One of the steps enterprises must take in scaling AI is ensuring they have “good-quality” data, Saha said. Another key ingredient for success is creating a standardized set of tools, which includes software and hardware infrastructure for building and training models.

“The cloud becomes a very important factor [in this,] because it makes it easy for [companies] to standardize … [using the] same set of rules and tools and processes,” Saha added.

Indeed, the cloud is increasingly factoring into enterprise AI scaling efforts.
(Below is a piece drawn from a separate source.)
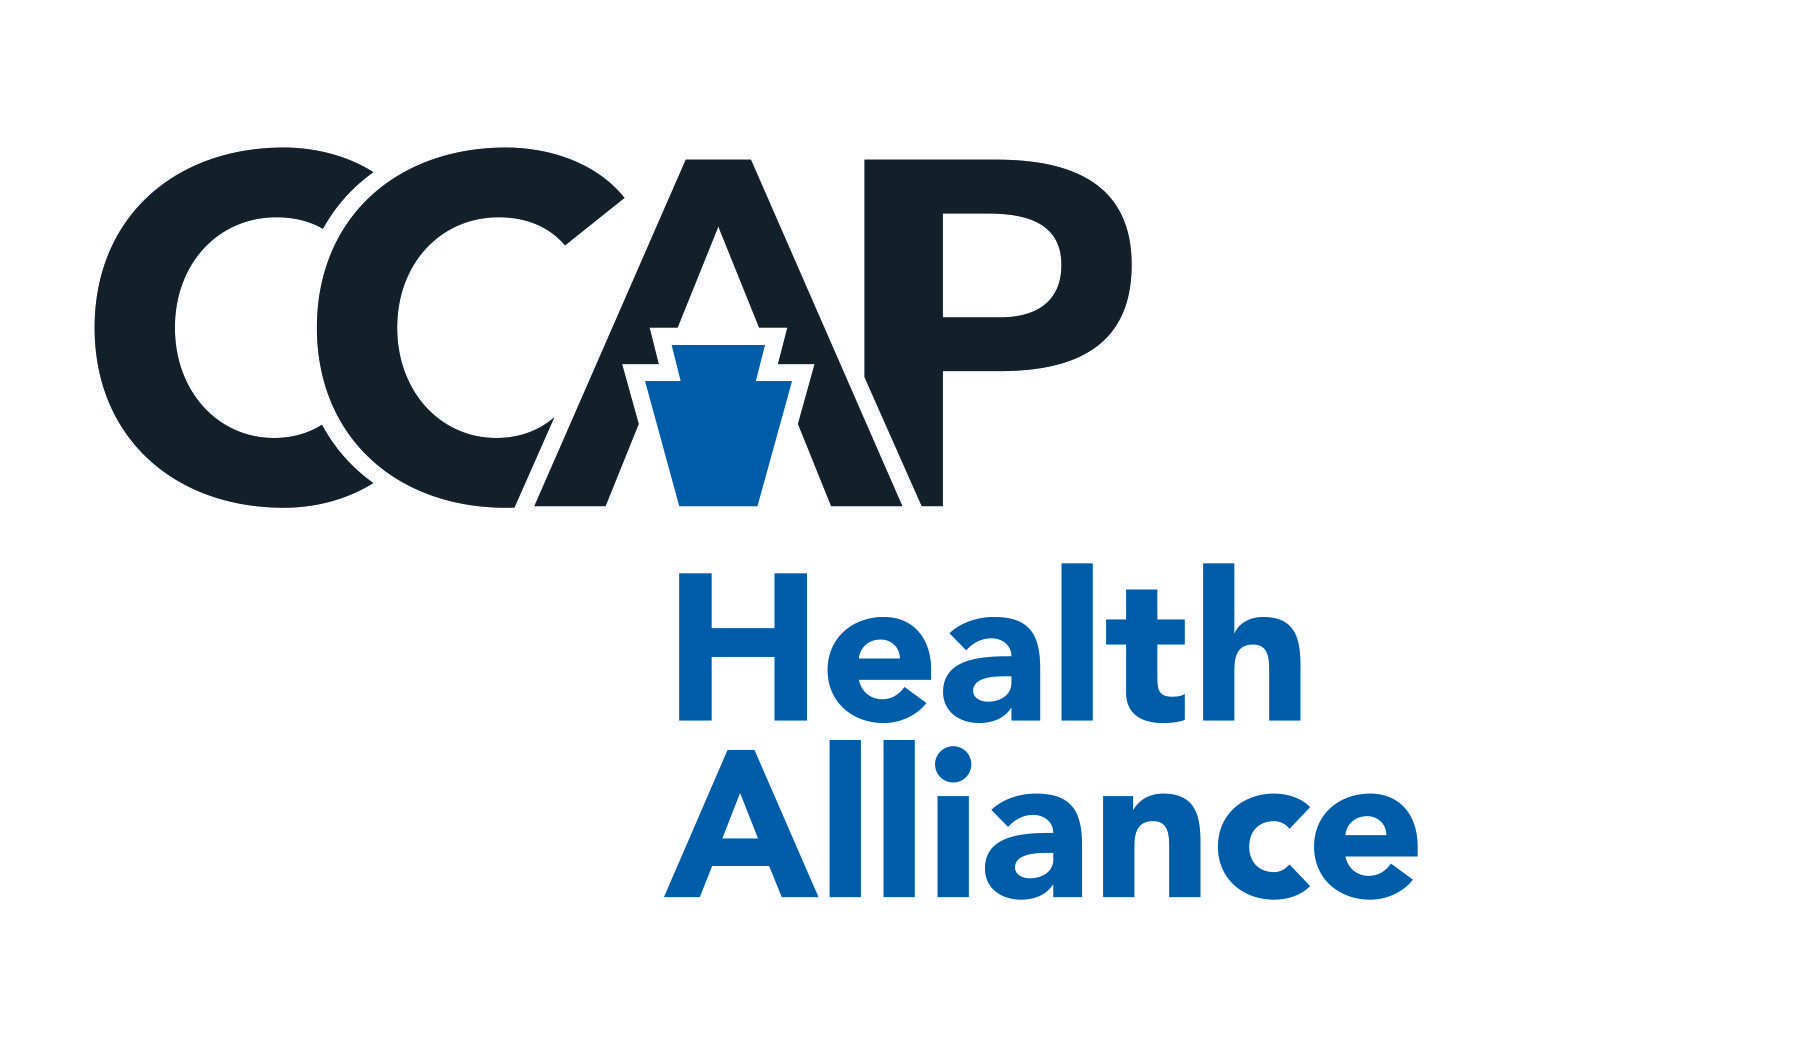 Cobra Insurance Logo - CCAP Health Alliance

This is due to its potential to improve training and inferencing performance, while also lowering costs in some cases. Even companies that have private datacenters often opt to avoid ramping up the hardware, networking, and data storage required to host big data and AI applications.

Hybrid cloud adoption

The cloud isn’t the end-all be-all when it comes to ramping up deployments of AI, however. Hybrid cloud approaches have come into vogue as companies look to complement their homegrown infrastructure with highly scalable public clouds. For example, a hybrid AI app might tap an on-premises database while running app code both in the on-premises private cloud and scaling to the public cloud when demand increases.

It’s clear that challenges remain in scaling AI. An MIT Technology Review and Databricks report found that just 13% of organizations are delivering on their data strategy, owing to issues around managing the end-to-end lifecycle. Other surveys cite a lack of executive buy-in as a top reason for AI deployment failures. And yet others attribute it to a lack of institutional knowledge about machine learning modeling and data science, data engineering, and business use cases.

But Saha — who has a vested interest in the success of AI services as they relate to Amazon and Amazon Web Services, it should be noted — is optimistic about the future. He points out that companies are using AI for use cases from personalizing their products to forecasting demand supply chain. They’re also using computer vision and a lot of natural language processing technologies, including chatbots and intelligent document processing. “What [I] see coming down the road is the industrialization of machine learning…” he said. “[It’s] leading to explosive growth in machine learning.”